Мы вспоминали об этом и хохотали в подвальчике, где подавали много вина и мясо, и где совсем не было женщин, и грузные грузины сурово взирали на меня. Потом поехали к Лешиному другу. Опять пили вино и смотрели фотографии. И худой светловолосый фотокор козырял новым словечком «эксклюзив», потрясая фотосвидетельствами нараставшего грузино-абхазского противостояния. А Леша жаловался, что у него начало болеть сердце.

Я сидела на кровати с металлическими шишечками. Заиграло танго. И когда фотограф излишне нервно прижал меня к своему штативу, Леша прокричал от окна: «Слушай, а как поживает твой муж Дэм?»

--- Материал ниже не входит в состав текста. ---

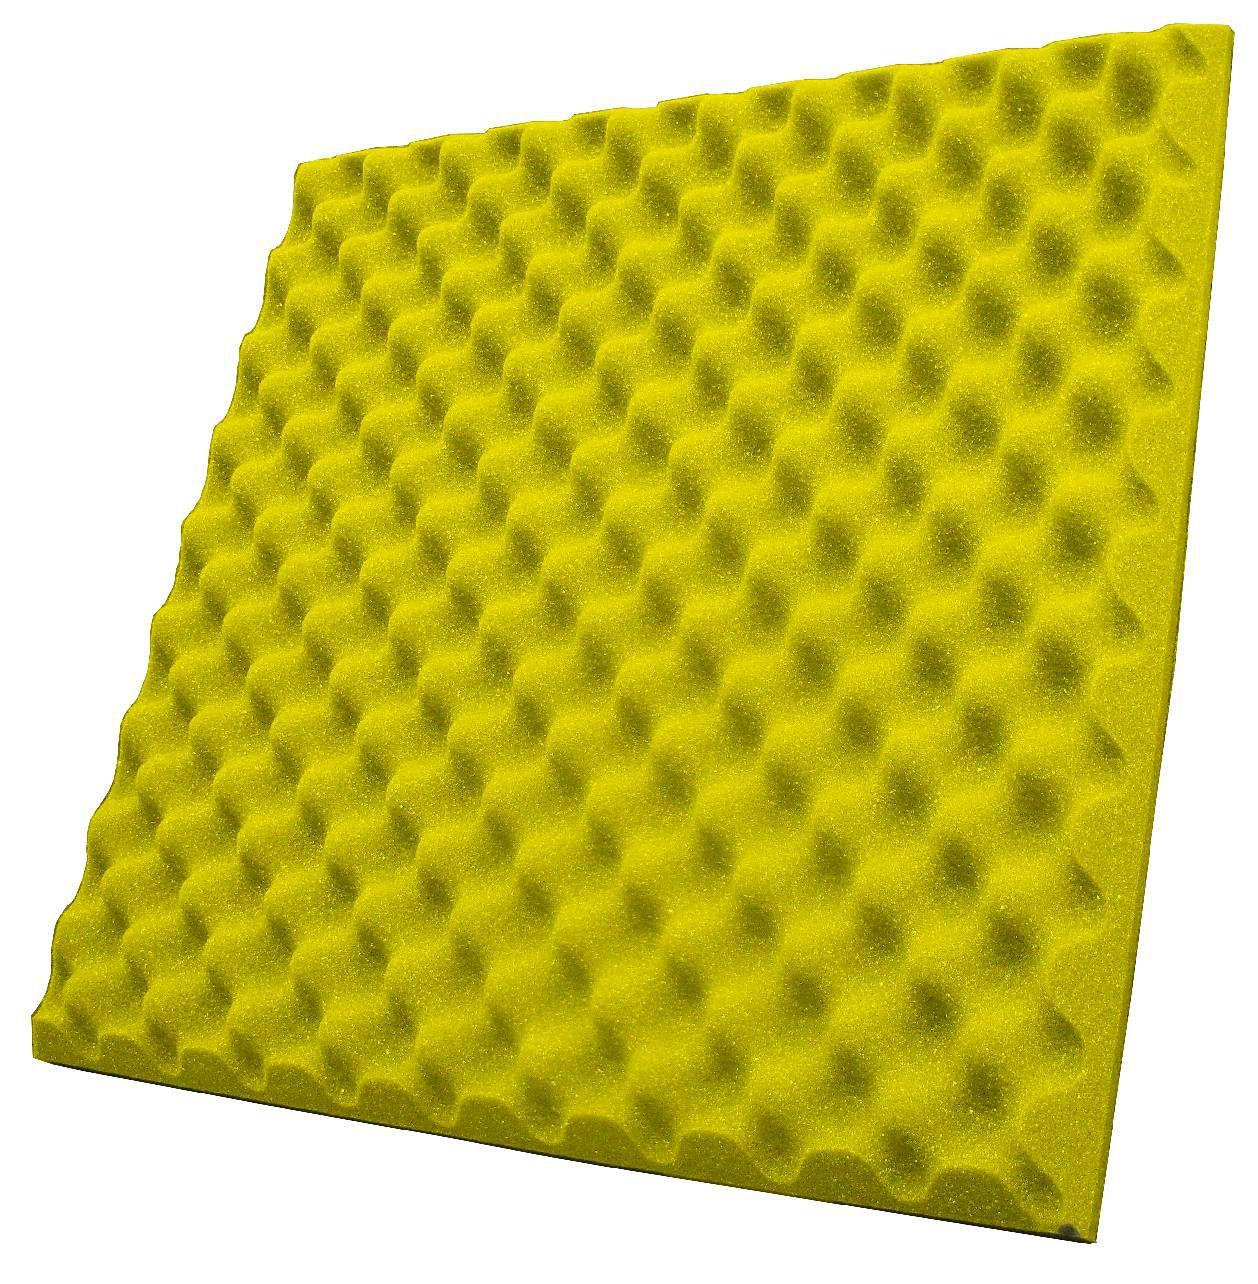 Espuma perfilada - Kit 8 peças - Amarelo-40mm (2m²)  - Loja SPL Acústica

Школяры, как называл их муж, пару раз собирались у нас на Чистых прудах, и тогда все, что можно было съесть и выпить, мгновенно сметалось подчистую. После чего какой-нибудь подвыпивший школяр, вспомнив о собственных детишках, что ожидали его на просторах необъятной родины, вязался к Глашке с дурацкими сказками. И та снисходительно пережидала сей сентиментальный порыв.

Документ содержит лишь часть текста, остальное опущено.